Петр Петрович Коровенко стоял приблизительно минут десять над пробной чашкой и тихо, сочно, истово прихлебывал солдатский борщ, заедая его рассыпчатой гречневой кашей...
Он только что осматривал часть и остался смотром очень доволен, хотя весь смотр состоял в том, что он прошелся по фронту грузными шагами, произнося мимоходом какие-то слова, лишь походившие на членораздельные звуки, причем шедший петушком сзади него адъютант заботливо что-то заносил в свою записную книжку. Солдаты смотрели на него, словно бы хотели его съесть глазами, по уставу, и вытягивались пред ним так рачительно, что у них тряслись поджилки, в коленях знобило и дух занимался. Наконец, пройдя весь фронт, он проговорил довольно внятно.
– Спасибо, ребята! Молодцы!
– Рады стараться, ваше пррство-о-о! – ответили сотни здоровых, голосистых солдатских глоток.
Затем он обратился к командиру части.
– Распустите их, Михаил Черноморович!
На это последний, низенький геморроидальный человечек с длинной русой бородой поспешил распорядиться бодрящим голосом, показывавшим, что начальство довольно.
– Марш в казармы!.. Бегом!..
Фронт вздрогнул, и солдаты пустились весело в казармы, перегоняя друг друга с вскриками, взвизгами и сдержанным хохотом...
После этого Петр Петрович направился в кухню для пробы пищи в сопровождении командира части и всех ее офицеров.
Кухня была начисто вымыта, выскоблена и прибрана. Кашевар и хлебопек блистали своими белыми колпаками и передниками. Дежурный встретил Петра Петровича с подобающим подходцем по всем правилам фронтовой выправки, отрапортовав ему о благополучном состоянии кухни и о том, сколько кладено в котел, сколько состоит на котле. Выпалив свой рапорт одним духом, дежурный бомбардир сделал одной ногой шаг в сторону, приставил к ней другую и замер в этой позе, чтобы пропустить начальство к пробной порции.
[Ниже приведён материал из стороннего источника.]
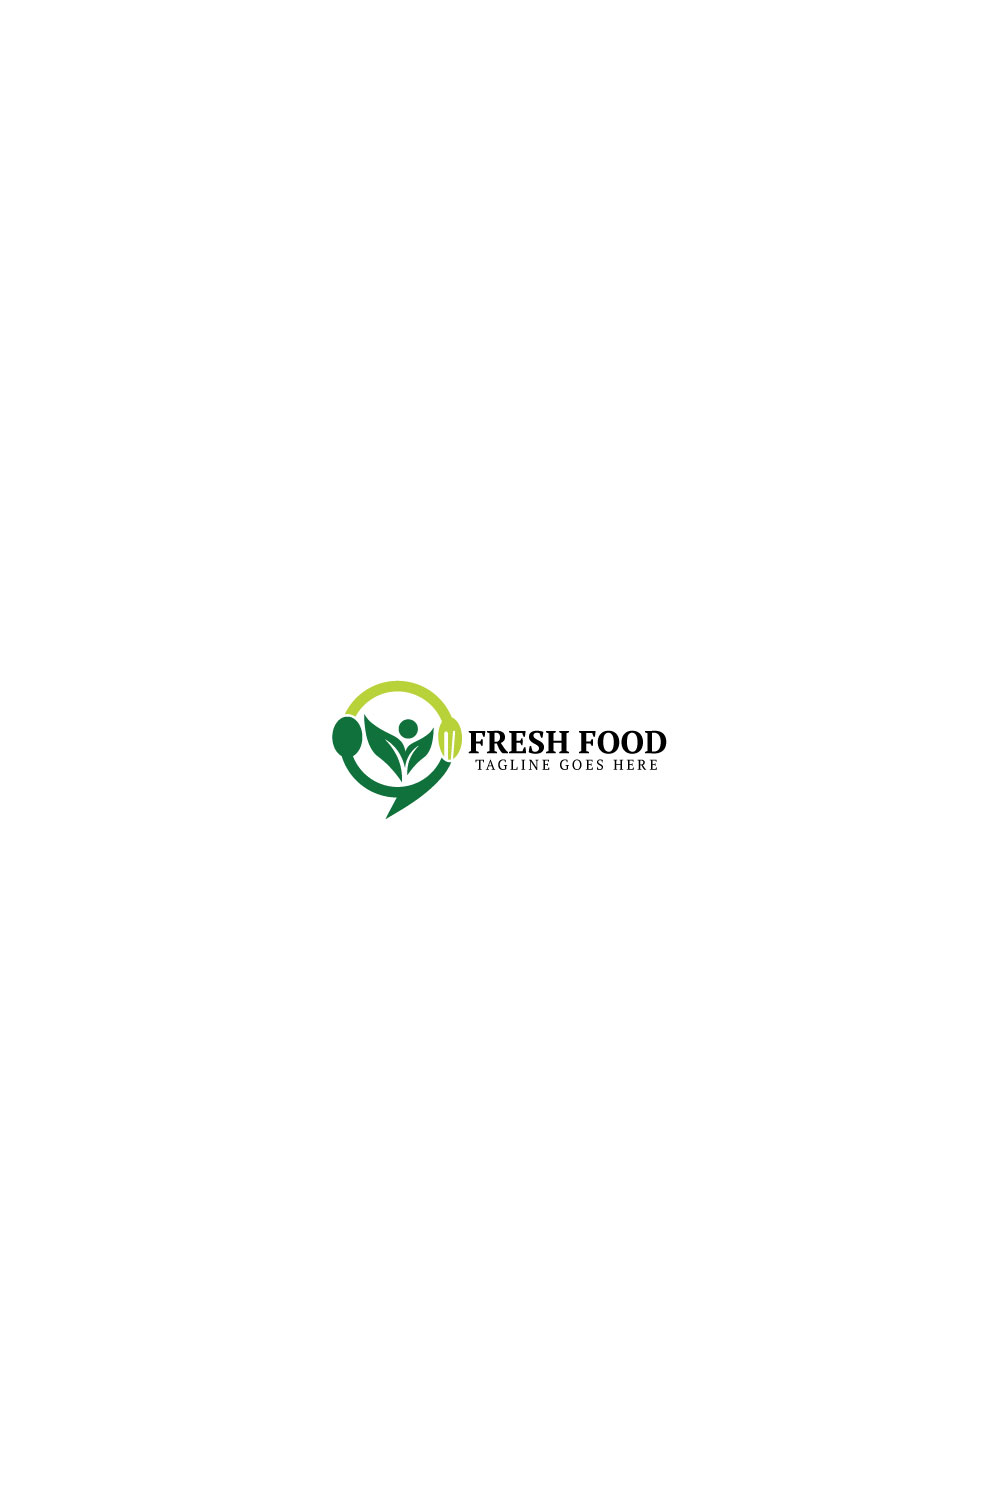 Fresh food logo design pinterest preview image.

Петр Петрович, поздоровавшись с дежурным кашеваром и хлебопеком, направился к столу, начисто вымытому и выскобленному, на котором на деревянном подносе поставлена была для пробной порции фаянсовая миска с ручкой, походившая на какую-то подозрительную посудину, чашка с кашей, краюха солдатского хлеба, графин красного густого солдатского квасу и опрокинутая деревянная ложка.
– Ну, покажи свое искусство,– сказал Петр Петрович, обращаясь к кашевару,– дай мне попробовать, что ты готовишь своим товарищам!..
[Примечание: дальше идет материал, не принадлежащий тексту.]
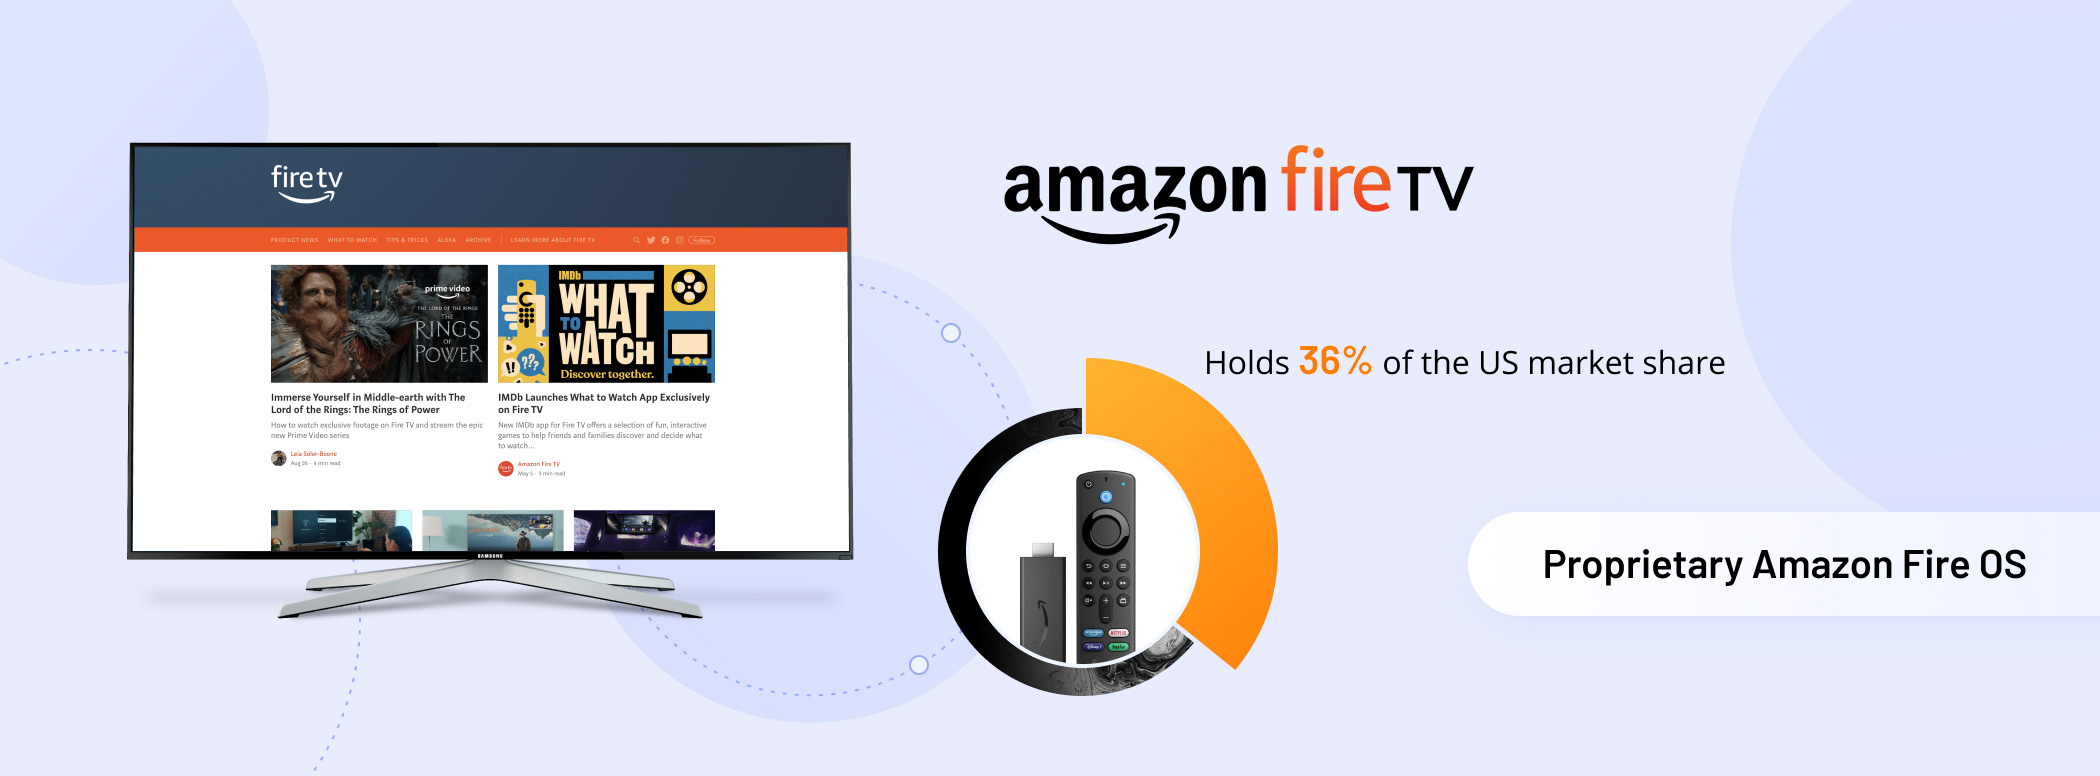 Amazon Fire TV- Xenoss blog

Кашевар словно ждал этого момента. Он вздрогнул и моментально снял крышку с котла, в то время как хлебопек поднес к котлу пустую миску на деревянном подносе, или, говоря проще,, дощечке. Кашевар запустил черпательную ложку в котел, помешал раза два в котле и потом одним ловким вольтом ложкой зачерпнул из подходящей глубины его такой навар, который не показался бы Петру Петровичу, как лицу, инспектирующему часть,, слишком жирным и слишком пресным: словом, чтобы было всего в «плепорции» – и кусочек говядинки, взятой артельщиком на сей день очень наварной, и перцу, и листу, и картошек, и всей той смеси, которую полагается класть в солдатский борщ... Зачерпнув таким образом борщ, кашевар одной ложкой наполнил миску, а хлебопек поставил ее, полную уже, на стол пред Петром Петровичем, который как бы плотоядными глазами следил за процессом наливания пробной порции, сделав снисходительное предупреждение:
– Ты, братец, мне не лукавь!..
И вот он уже стоит над этой пробной порцией около десяти минут...
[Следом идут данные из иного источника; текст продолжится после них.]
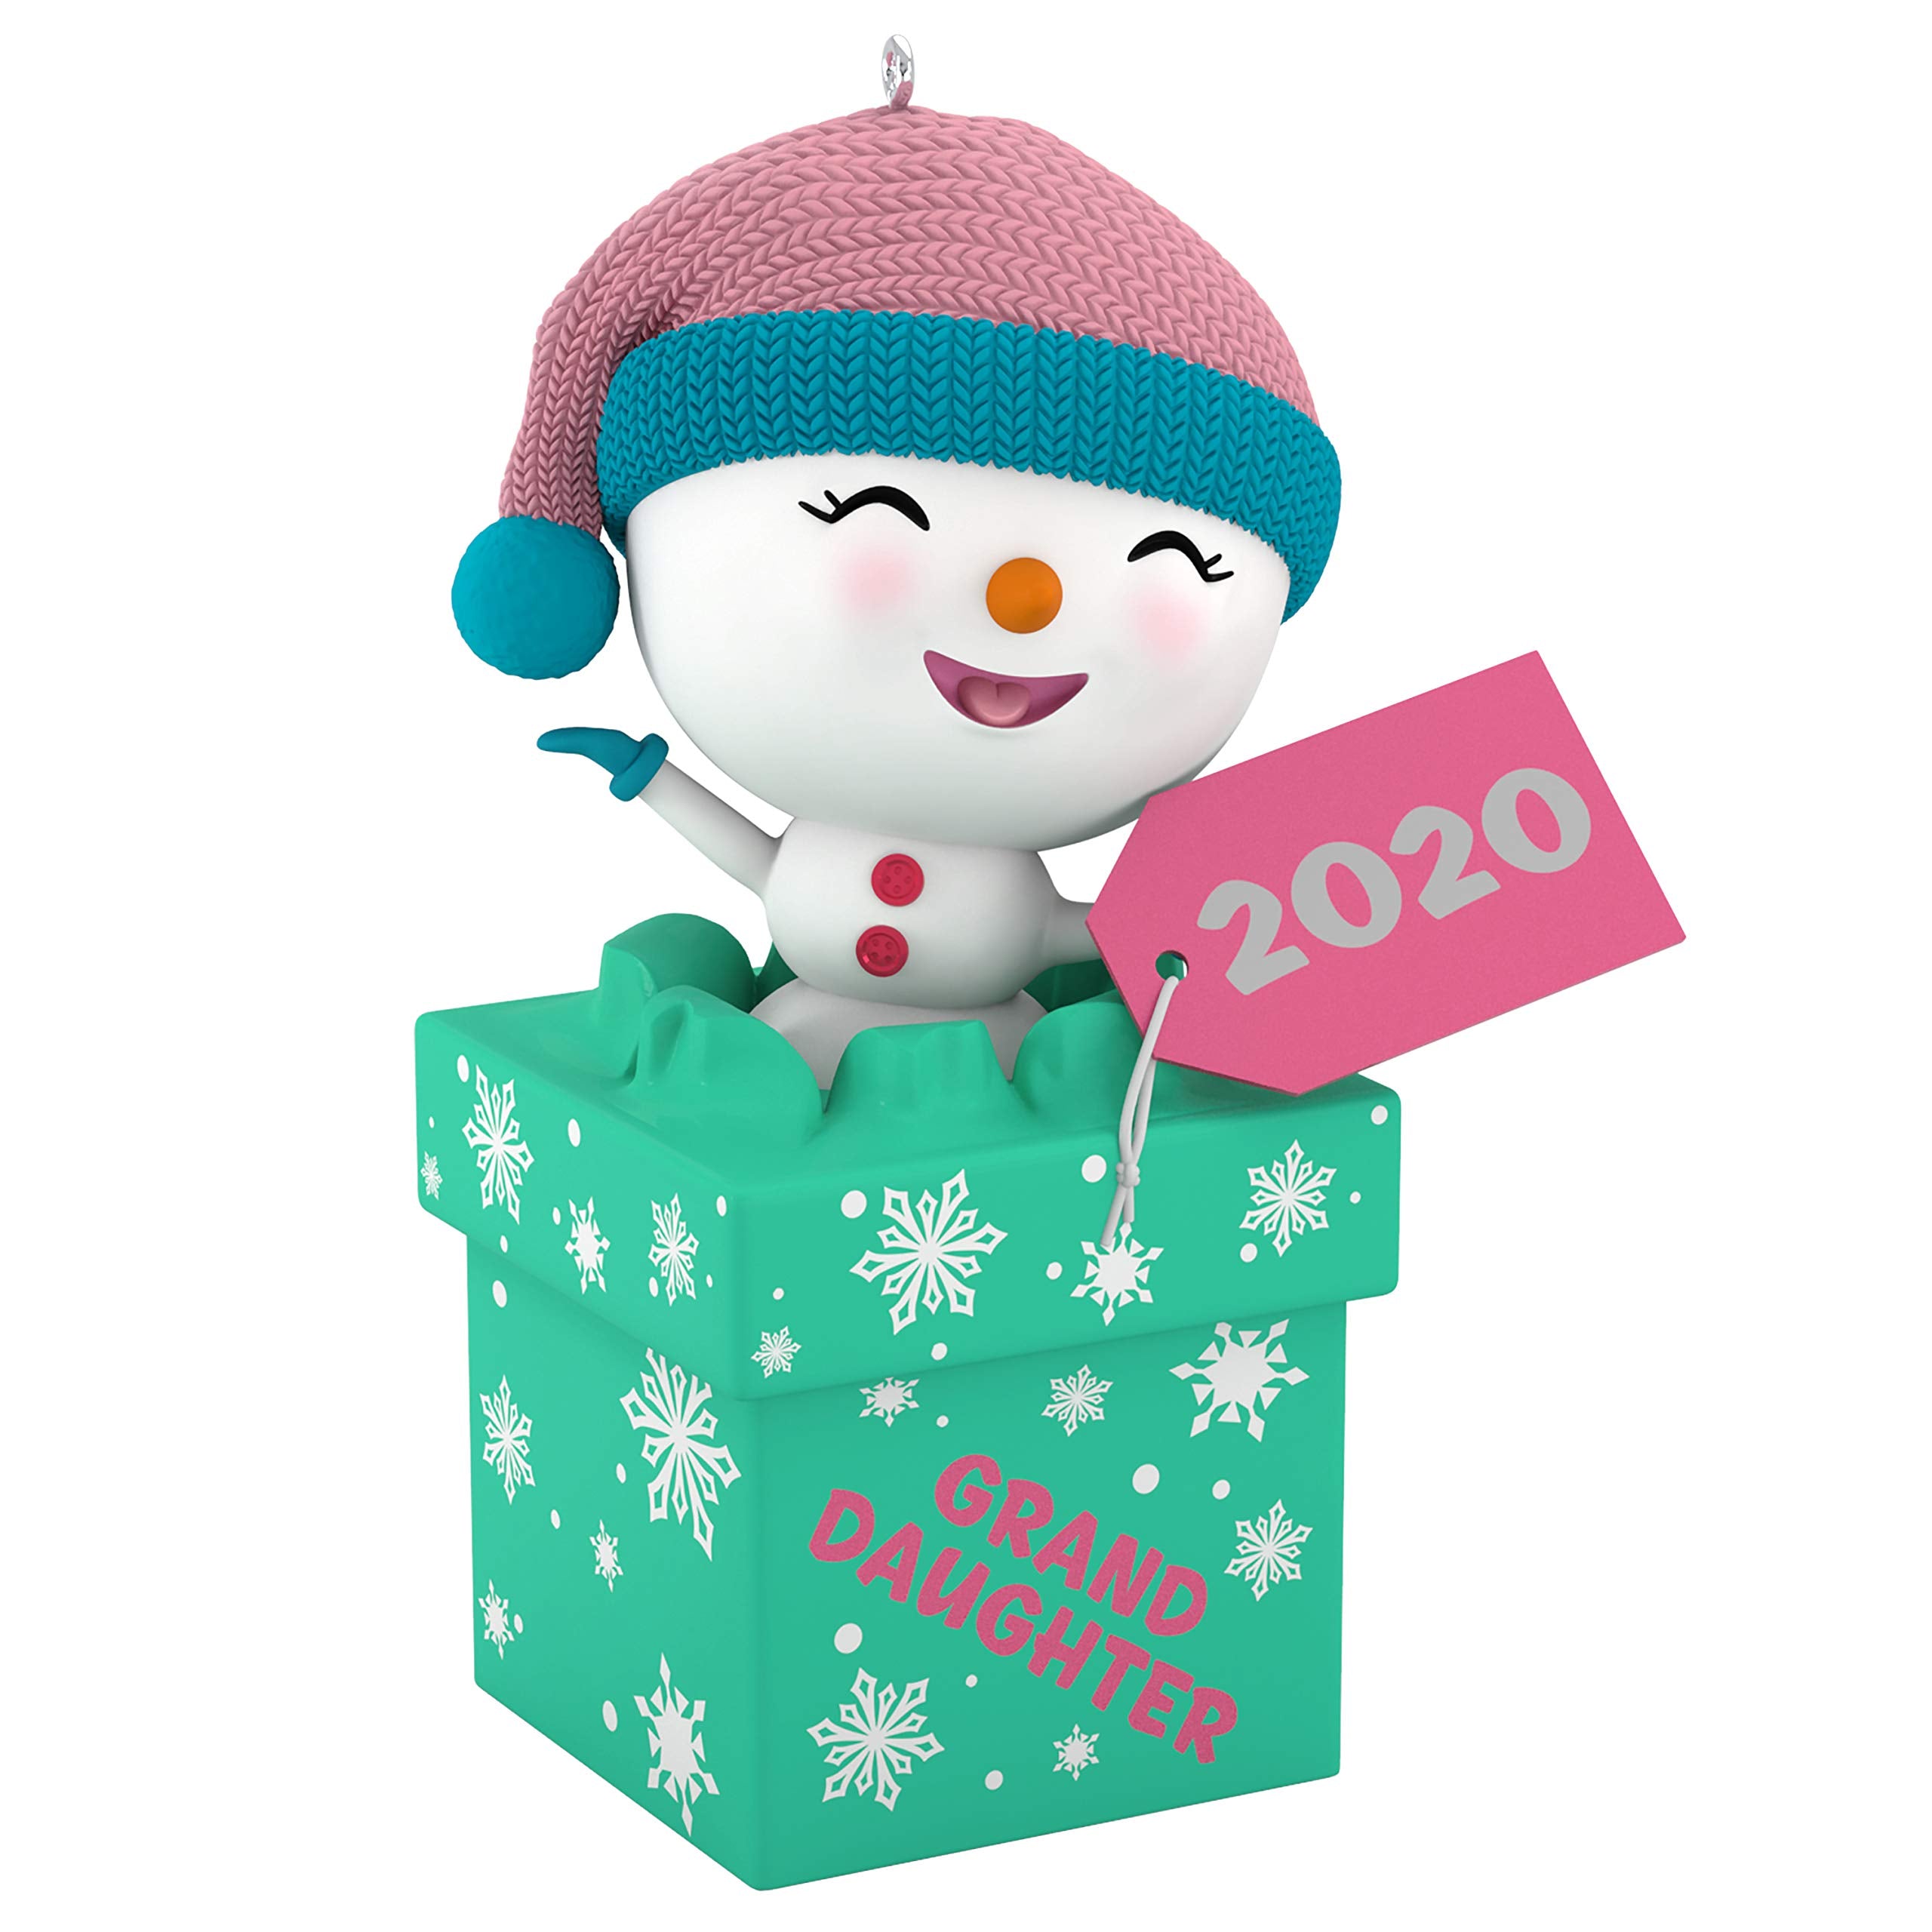 Hallmark Keepsake Christmas Ornament 2020 Year-Dated, The Gift of Granddaughters Snowman (1399QGO1704)

Петру Петровичу всегда нравился солдатский борщ с его острыми специями в виде солидной дозы перцу, лаврового листу и луку. Он с особенным удовольствием, как бы к священнодействию, приступал к солдатской пробной порции, отведывая при этом в. достаточном количестве и хлеба, хорошо пропеченного, и квасу,, густо наваренного. За то ко дню его смотров все это приготовлялось доброкачественнее и в достаточном количестве, так как командиры частей уже этим самым обеспечивали за собой главный успех.
Человек с громадным аппетитом, к чему располагала его грузная, объемистая фигура с сорокаведерным животом и с жирной, со складками шеей,– Петр Петрович ел всегда, что называется, с чувством, с толком, с расстановкой, будто в этом процессе едения заключался весь его культ поклонения. В этом он находил все блаженство своему разжиревшему, дряблому организму, уставшему в безумных оргиях минувших дней молодости, проведенной с такой помпой, которой долго не забудут не только его собутыльники, эти последние могикане патриархальной захолустной жизни служащего элемента, но и вся обширная область, по которой были разбросаны подведомственные ему части...
Теперь он похвалил только солдатский борщ и кашу.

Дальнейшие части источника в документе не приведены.